Yahoo Sports

Product design for Yahoo Sports, focused on bridging the enthusiasm gap between passionate fans and a utilitarian experience. Led redesign of core app experiences—reimagining information architecture, interaction patterns, and visual systems to honor the emotional intensity fans bring to sports.

Challenge

Fans showed up ready to lose their minds over a backup quarterback's first touchdown—we handed them a user manual. Even with great content and the number one Fantasy app, the experience felt like doing your taxes during the Super Bowl. I took on the mission to bridge this enthusiasm gap: transforming interactions and visual design to match the beautiful chaos of fandom.

Goal:
Bridge the enthusiasm gap.

🤪 — 🫩

App

Fans don't have time. They have obsessions.

Every interaction is designed for speed and clarity. Check your teams in seconds, dive into highlights when you want them, and never wonder where to find what you need. The app moves as fast as you do—whether you're checking scores between meetings or watching your team blow a fourth-quarter lead in real time.

From this

  • Scores: minimal space, one at a time, not personalized

  • Your team news drowned out by generic headlines

  • Visual energy nowhere near fan energy

To this

  • Scores: front and center, multiple games, personalized to your favorite teams & leagues

  • Your team news prioritized with depth and highlights

  • Visual energy matches fan energy

Desktop

Betting, fantasy, scores—three obsessions, one command center. Most sites make you play whack-a-mole across different pages. We put it all in one tabbed strip. High-level data on load, one click to expand downward with all the details that tell the story. Track your bad beats, miracle wins, and fantasy lineup disasters without losing your place in the madness.

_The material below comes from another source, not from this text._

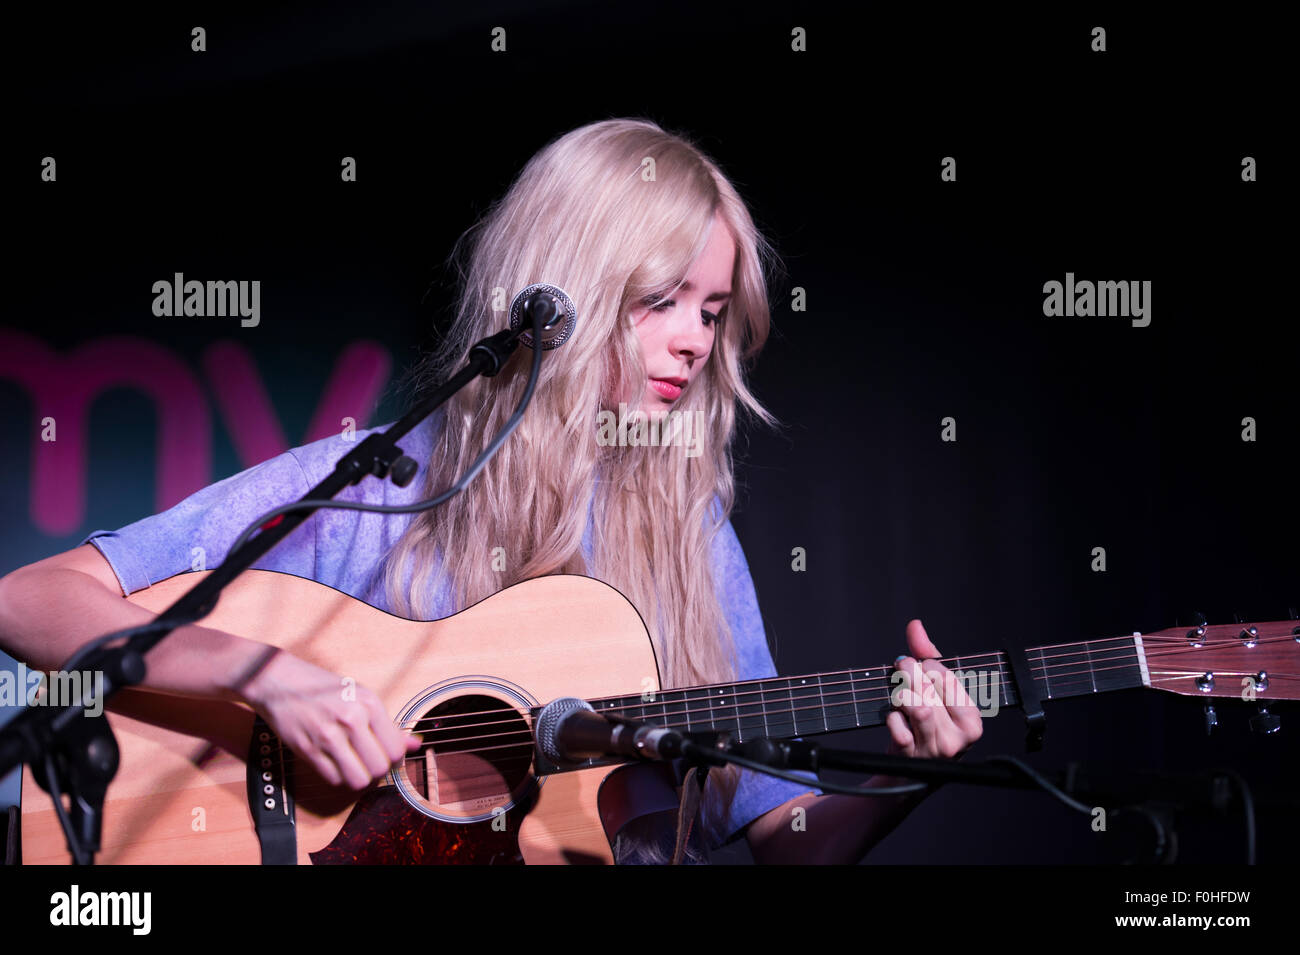 Scottish singer/songwriter Nina Nesbitt in concert at HMV London. Stock Photo

This work was done during Yahoo's transition from Verizon. While the full vision received strong internal backing, new leadership pivoted to a more incremental approach. Certain elements were shipped, such as card-based scoreboards, updated grid systems, and new layout principles, but the comprehensive redesign was shelved. Sometimes the best work shows what's possible, even when timing works against it.